I am one of the odd old fashioned breed that believes that promises are for keeping. That you don’t toss them in air just to please others, but you only give those that you can keep, or at least try to keep.
This means no “We’ll keep contact in the future!” or “We’ll catch up later” or “Send it to me, I’ll read it!”
The double L in the end of those I and we…
I’m feeling discouraged to write today. Sent some of the works to friends, who promised to read them. Only to hear excuses today again in style “sorry, forgot!” and “sorry, didn’t even have time for…”
I don’t want to do this anymore only for my own amusement. It seems that my stories are written only for my own eyes and with the vast internet we have today, probably the only one, who finds their way to my stories is me.
I’ve been working hard for the next month, to get stories done in time to go through the Challenge and publish them daily.
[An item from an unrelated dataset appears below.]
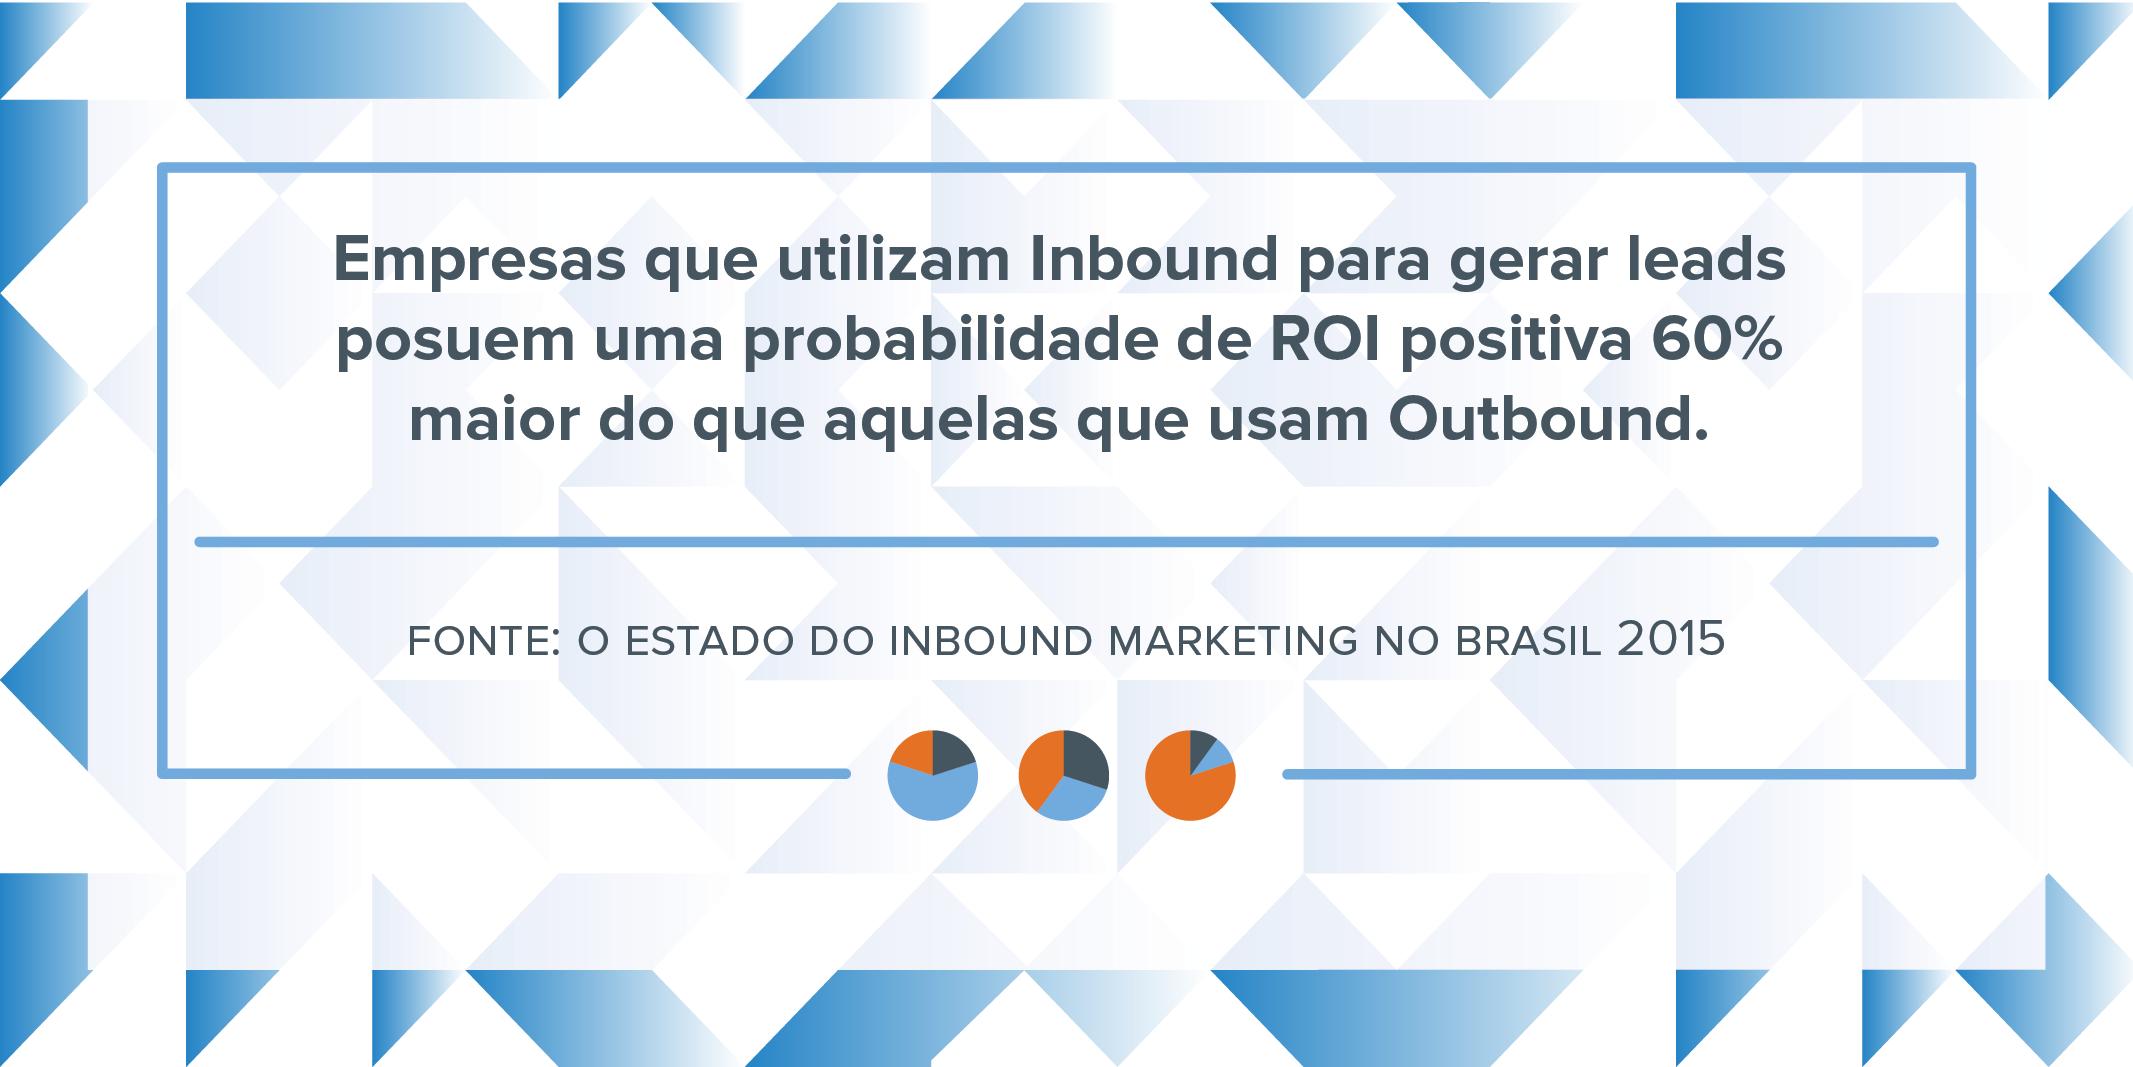 estatisticas-de-inbound-marketing-9.png

OH goody! I can see depression forming its dark blanket around me just by thinking on it. It was such fun and inspiration just days ago and suddenly, after getting again no feedback besides “send them to me, I’ll…”, it feels so pointless to go through with it.
I’m sorry that I am not all that positive about it. It just seems to follow the trend – no readers and and only promises I should have no right to even expect to be kept.
I’m just asking – who would read them if even friends just make promises.
I guess all I really want is to see one promise kept? That if you promise you’ll send a post card that you will and if you promise you’ll read my story, you will. So instead of saying “I read another boring book” you could say “I liked that character of yours, but the background was a bit fussy”.
For right now I am standing still in a desert and feel like a ghost.